In a cloud environment, providing client companies REST API services to store and update their customers information (phone numbers etc'), I'm looking for a way for a newly joining client company to pass a file (or a set of files) containing all their customers. The file/s may contain millions of customer records.
Suppose the idea is that file/s may be uploaded to a certain folder, and once detected, an import process starts. Suppose also that there exists a service in the cloud that can create a customer from a request containing the details. Suppose each file is limited to something like 1GB.
I've heard that Yarn may be used or Kubernetes, but i can't really see how they can be used, or what's the advantage of using them.
This import process could be done in pure Java as follows: A Folder watching code in Java can easily detect the new file in the folder, and invoke a process that reads the records of the file/s, and from each record in the file, create a request obejct and call the service which can create the customer.
So what's the advantage of using Yarn or Kubernetes, over pure Java, in doing a task like this? And are there other alternative technologies that can be used for this task?
In a cloud environment, you want your Java service to be "highly available" and, when dealing with "millions of customer records" per client, even "secure." This is where Kubernetes and Yarn come in.

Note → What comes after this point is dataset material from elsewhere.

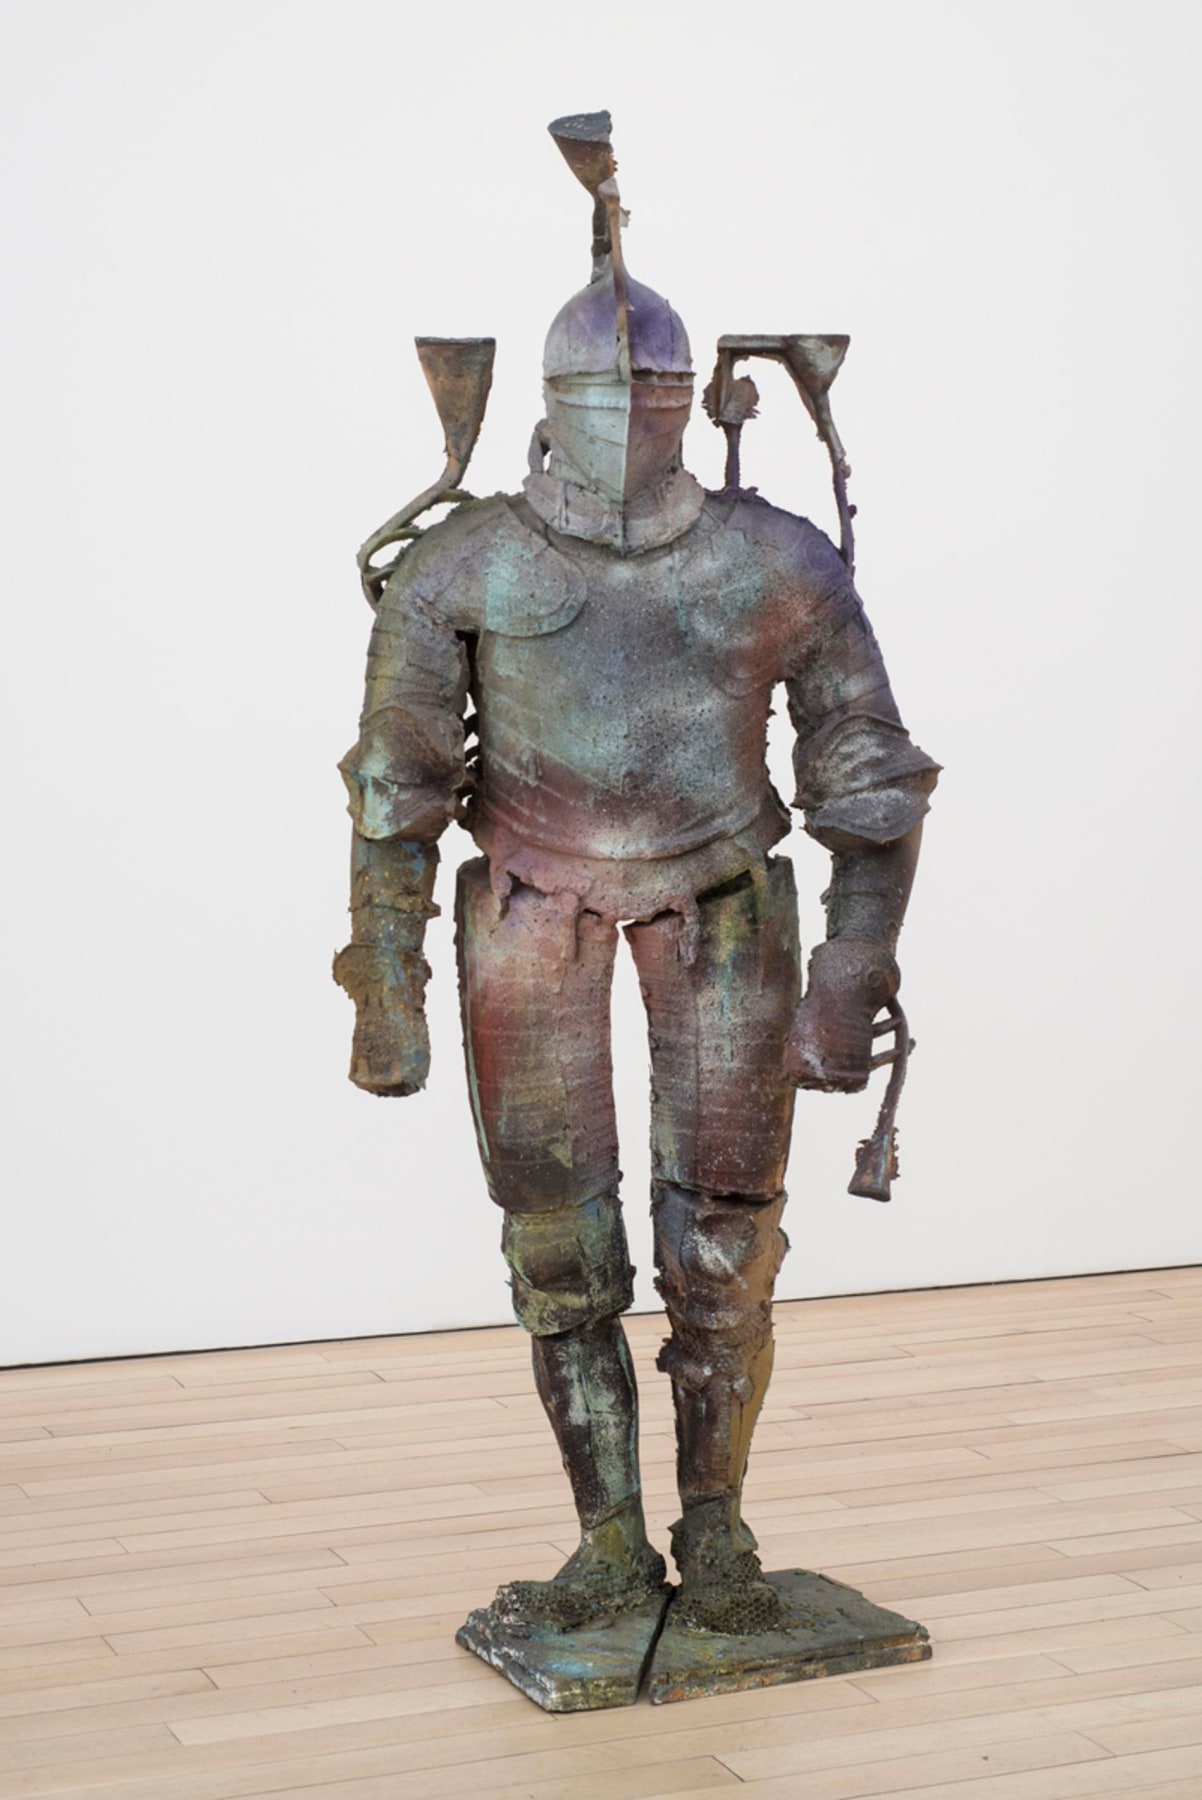 statue of a medieval knight of varying dark hues

If you are running one VM, with a Java process saving sensitive customer data unencrypted to the local file system- what happens when:
You get the idea, there are an infinite number of failure and compromise scenarios.
Kubernetes and Yarn, in different ways, support architectural patterns that allow you to run multiple Java upload and import processes across a collection of VMs so that there can be sensible handling for the various failure cases, and sensible custodial machinery for the sensitive aspects of this process, at scale, with live data.